Миновав ее, Николай и Людоед заметили, что следов разрушений становится меньше. Вскоре тоннель предстал без каких-либо признаков разрушений, и еще метров через сто их приборы ночного видения позволили разглядеть аккуратно выложенную стену из больших шлакоблоков и кирпичей, которая перегораживала дальнейший путь. В стене была одна дверь и несколько закрытых изнутри кирпичами узких бойниц метрах в двух от уровня пола. Людоед и Николай переглянулись…
Молодые черновики по кличке Шмон и Гопник сидели на деревянной платформе возле печки-буржуйки, труба которой тянулась к потолку и уходила в глубь подземного логова, где соединялась с другими трубами от иных печек и выводила дым на поверхность. Рядом с печной трубой была еще одна труба, имевшая, видимо, функции переговорного устройства, поскольку кончалась широким раструбом, в который было удобно кричать. Стробоскопу было под пятьдесят. Он лежал на топчане, укрывшись звериной шкурой, и пытался заснуть. Однако увлеченные игрой в карты, в свете пары керосиновых ламп, Шмон и Гопник постоянно выкрикивали в адрес друг друга ругательства и весьма эмоционально реагировали на успехи и поражения.
— Вот тебе еще дамка, козья твоя морда, — захихикал Шмон. — Давай еще пять папирос.
— А что я курить буду, рукопомойник ты хренов?! — раздосадованно воскликнул Гопник.
— Бамбук, лошара! — Шмон заржал. — А если хочешь, я тебе дам пару тяжек со своей мохнатой сигары!
— Базар фильтруй, овца! В дышло захотел?!
— Да завалите вы хлебала свои, щенки стремные, харэ базлать, — проворчал Стробоскоп.
— Пардон, Старый. Звиняй. Гопота долг не признает.
— Я сказал, фильтруй базар. Карточный долг святой. Но ты мне паришь. В твоей колоде у всех дам уголок загнутый.
— Это предъява? — нахмурился Шмон.
— Да! Ты букетик бунтишь! Ответь на предъяву!
— На, зырки разуй, фуцан! У шестерки и двух тузов тоже края гнутые. Сколько годков колоде вообще, соображаешь? Я как, по-твоему, их различаю? Вольтанулся совсем, что ли?

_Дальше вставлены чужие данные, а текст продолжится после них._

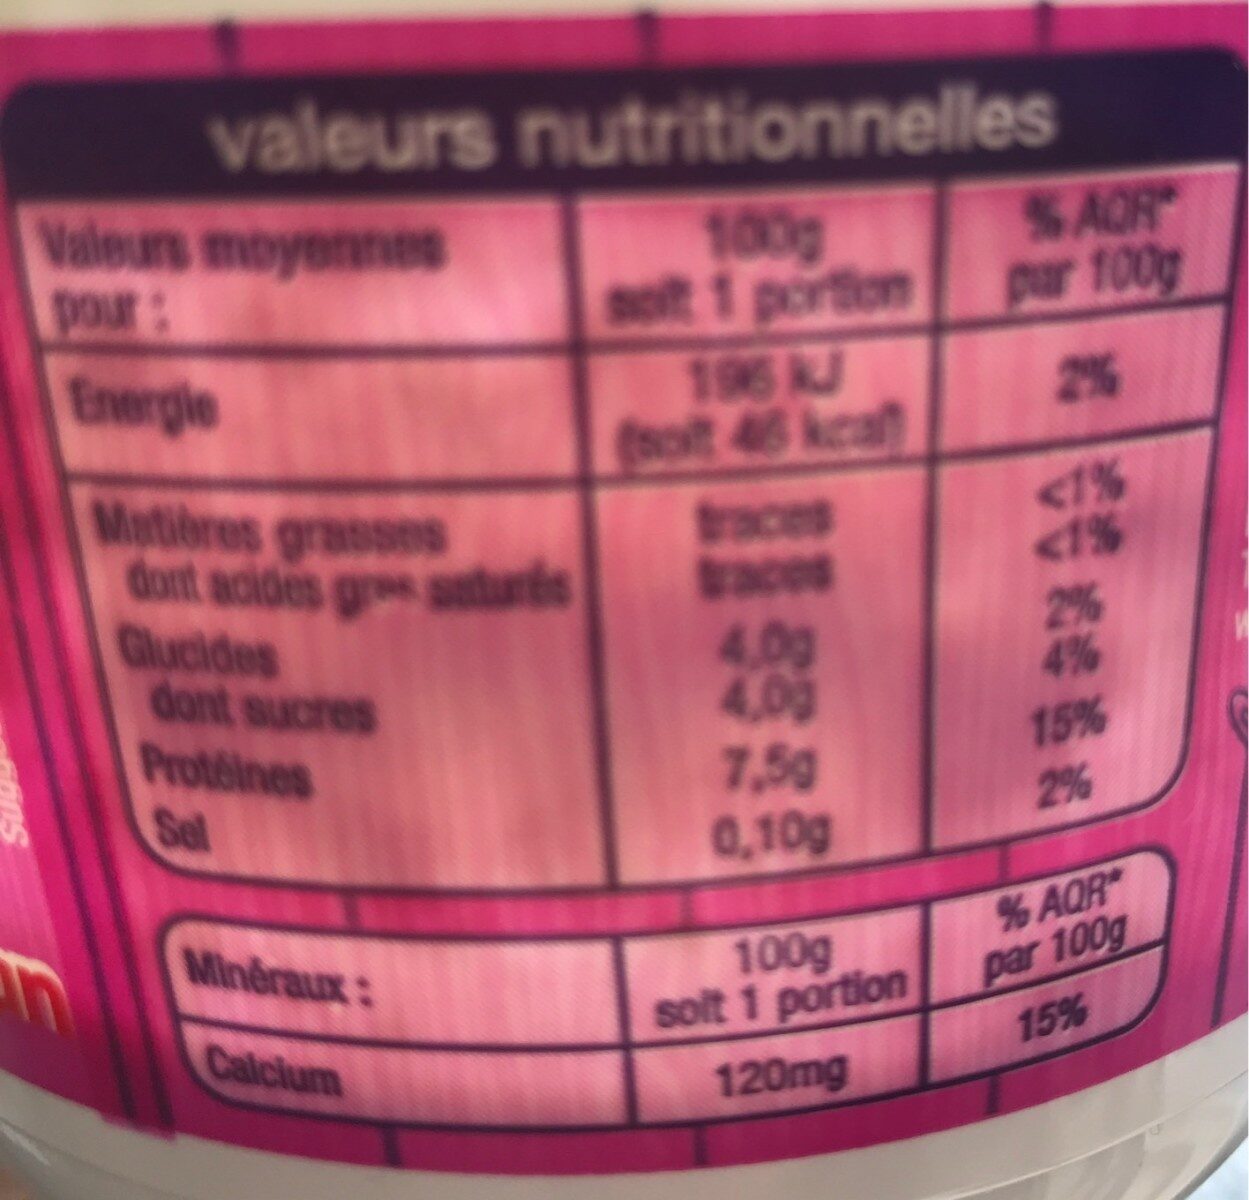 Fromage blancDoux et Onctueux0% de matière grasseLait Origine FranceSource de calcium - Nutrition facts - fr

Стробоскоп поднялся с топчана и, выхватив у молодых подельников карты, швырнул их с платформы к двери.
— Ну на фига, Старый? — раздосадованно воскликнул Шмон.
— Я вам вьюны пообрываю сейчас, вязы выверну на хрен, — спокойно проговорил старший.
— Стробоскоп, да что ты взъелся? — развел руками Гопник.
— Едало захлопни. Это я для пацанов реальных Стробоскоп. А для вас, ушмырки, я Старый.
Он сделал вдох, чтобы разразиться следующей триадой обильно сдобренных маргинальным жаргоном слов, но тут раздался стук. В этом ничего странного не было бы. Но ведь стучали в дверь. В ту самую дверь, за которой была пустота метротоннеля, которая заканчивалась через несколько сот метров беспроглядной тьмы глухим обвалом, похоронившим когда-то электричку. И именно поэтому этой дверью уже долгие годы не пользовались. Лишь изредка выбрасывали в тоннель какой-нибудь хлам. Там никого не было, да и быть не должно. Но кто-то громко постучал в дверь. Черновики переглянулись, мгновенно замолкнув. Стук в дверь повторился, став еще настойчивей.